Rawsock bpf mambo jambo?

Robert Watson rwatson at freebsd.org
Tue Jan 25 07:53:00 PST 2005


On Tue, 25 Jan 2005, DJF wrote:

> I've recently been looking into raw socket programming. However there's
> still a question that remains. Maybe it's just a case of RTFM, if so
> point me to a good manual on the topic. The man pages indicate that you
> can do read and write operations with rawsock aswell as bpf.
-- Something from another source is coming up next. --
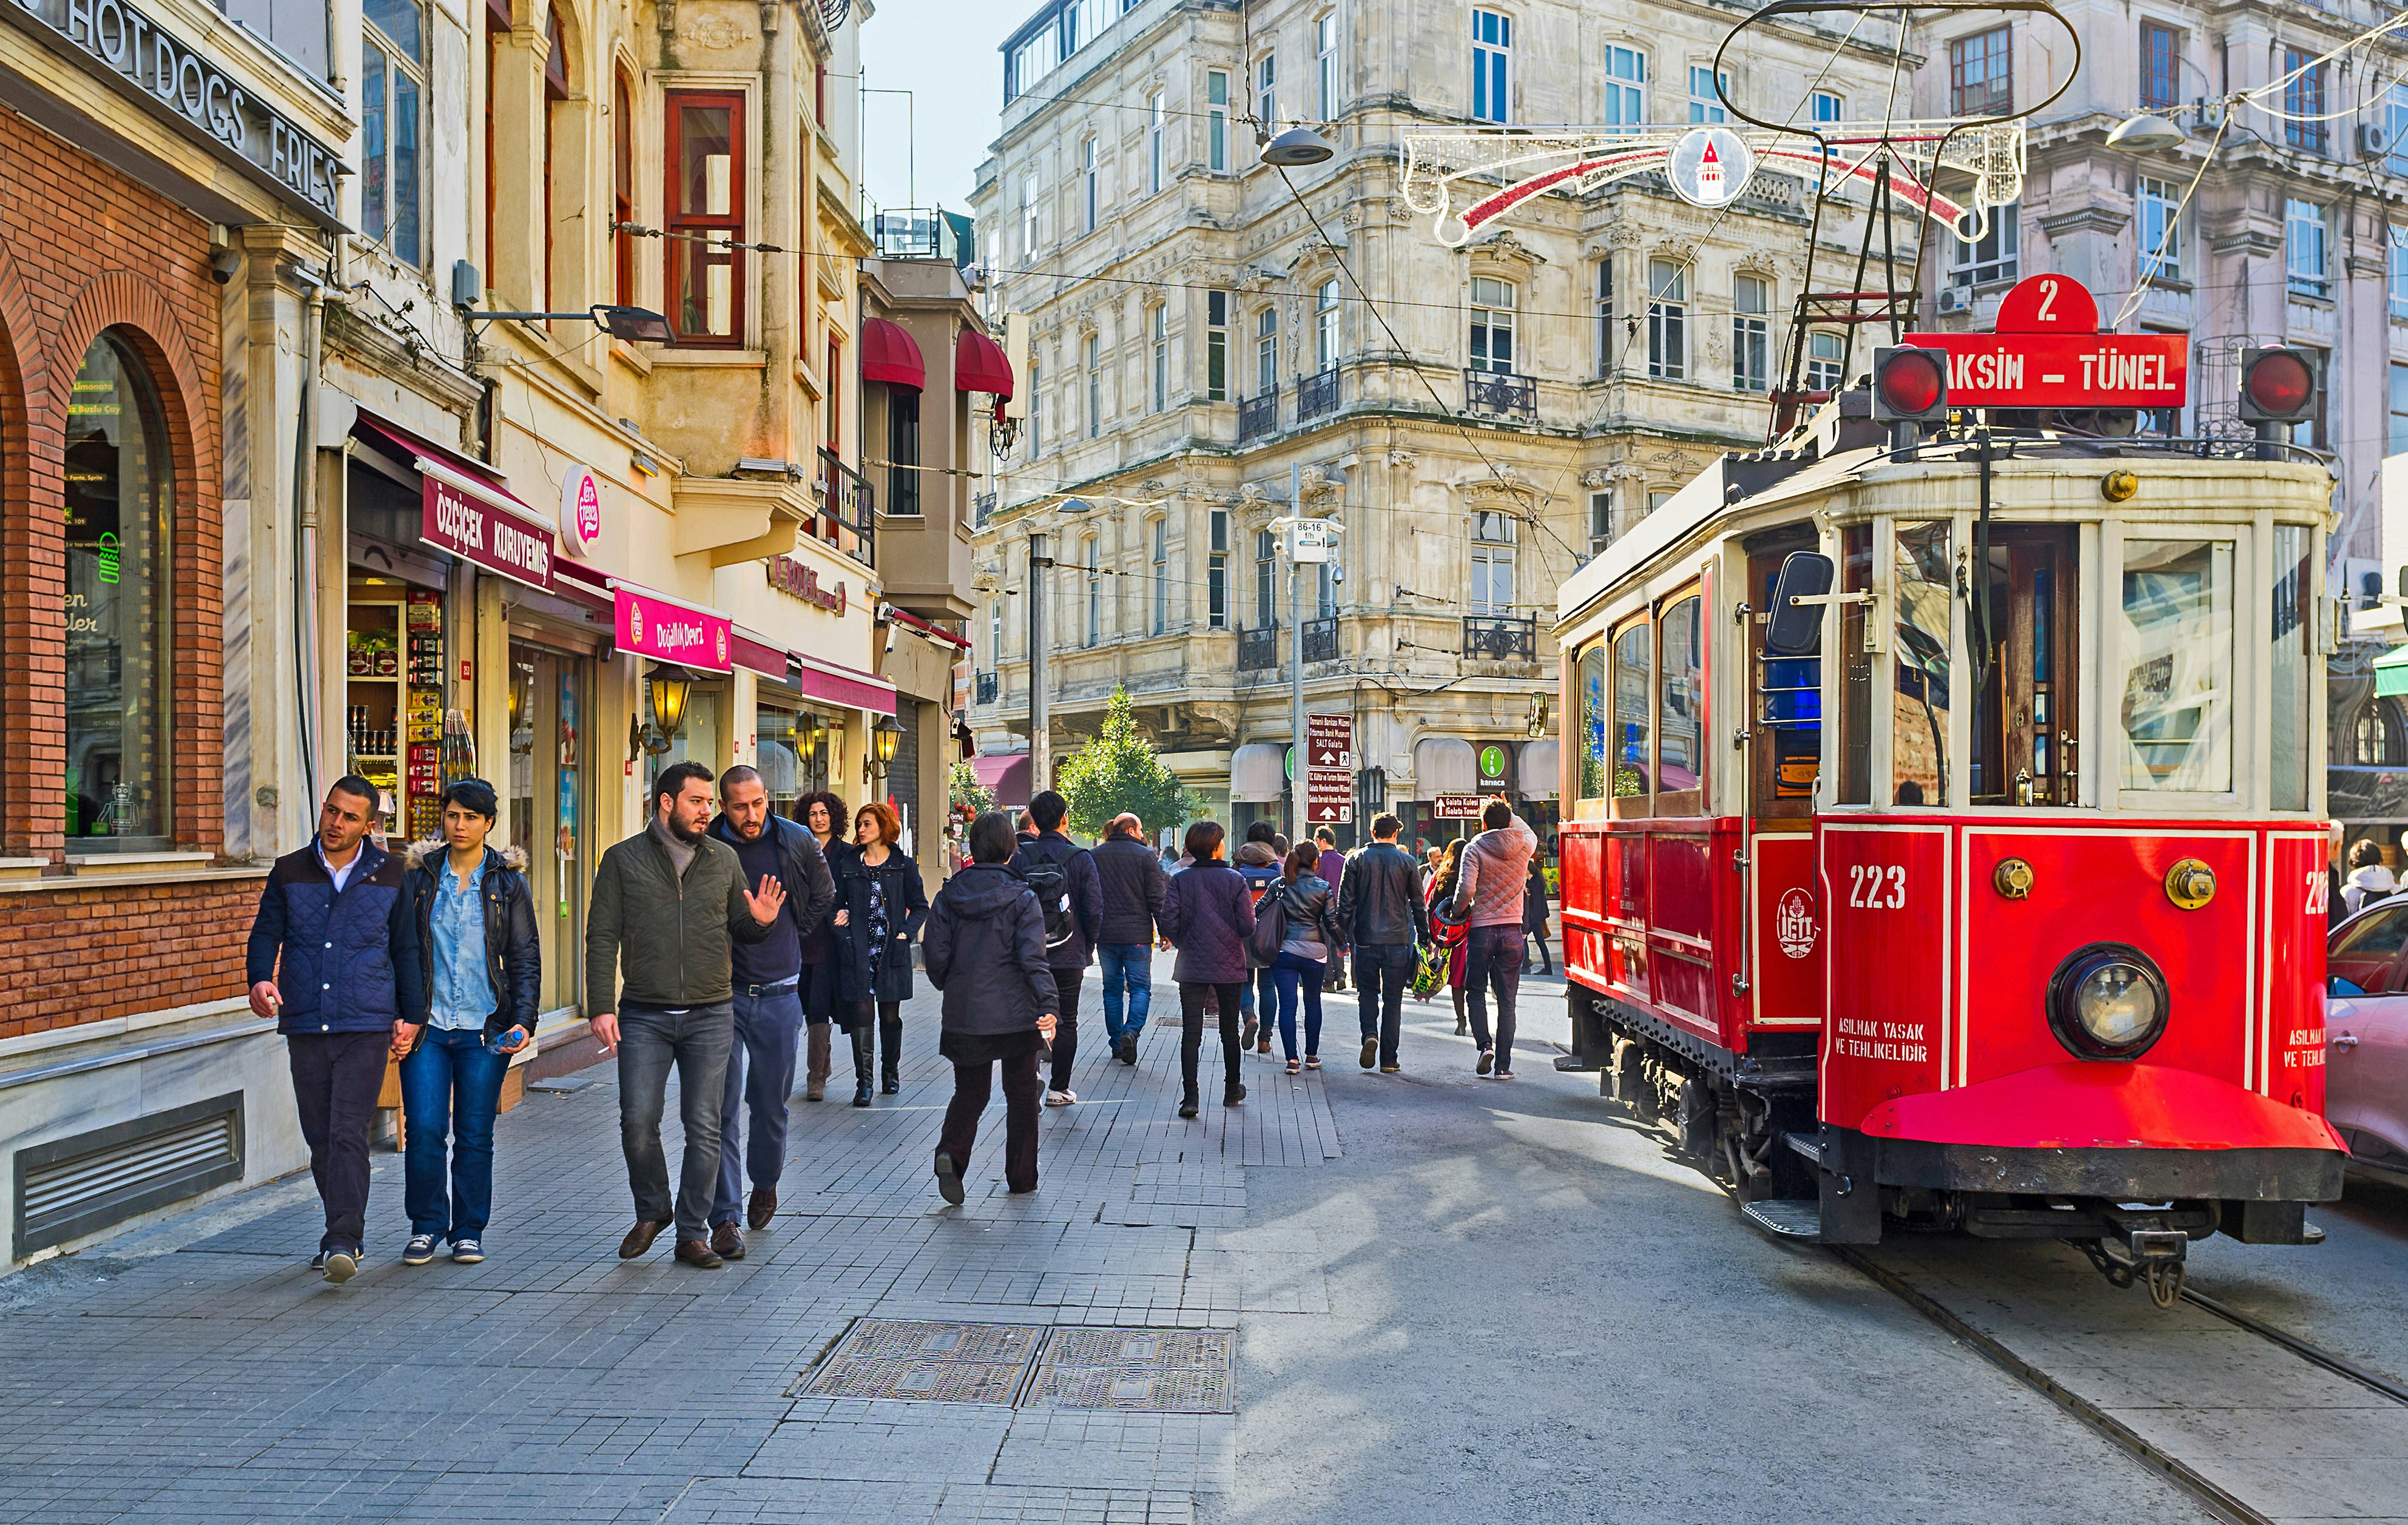 A bright red vintage tram is travelling down a pedestrian street; the pavement of the shopping street is busy with people.

However, in
> all of the source codes I found, a raw socket was used to write to, and
> bpf was used to read from the interface. 
> 
> What's the advantage in using the rawsock bpf combination instead of bpf
> (or raw socket) only? 

Hmm.  Well, both of the mechanisms have some limitations, so it could be
that combining them overcomes some of those limitations.  Here are some
features/limitations of both:

Raw IP socket
	Works at the IP layer
	Works only with IP packets
	Checksums can be calculated for your
	Receives packets "unmatched" by the rest of the IP stack
	Send operations are routed using the routing table
	If there's a send error, it is available via errno
	Receives packets from any interface
	Will pick a source address for you if you like
	Filtered by IP-layer firewalling

BPF
	Works at the linker layer
	Works with any link layer packets from the interface
	Calculate your own checksums if you transmit
	Figure out your own address if you transmit
	If you want routing from above the link layer, do it yourself
	Receives any packets, not just unmatched packets (subject to
	  selection of a point in the link layer protocol stack)
	No send error delivery
	You must pick an interface, and it requires an ioctl to switch --
	  if you need to receive from more than one interface, you need more
	  than one file descriptor open to more than one BPF device
	Not filtered by IP-layer firewalling

So, you might use IP to send a packet, so that it picks an address, does
lots of the paperwork, routing, etc, but then look for the response using
BPF.  Or, you might use BPF to implement low level listening
functionality, but send responses using the IP layer. 

Note that the reason that dhclient uses BPF on FreeBSD instead of a UDP
socket is that a quirk (feature) of the Berkeley sockets API is that you
can't bind the IP address 0.0.0.0 for sending.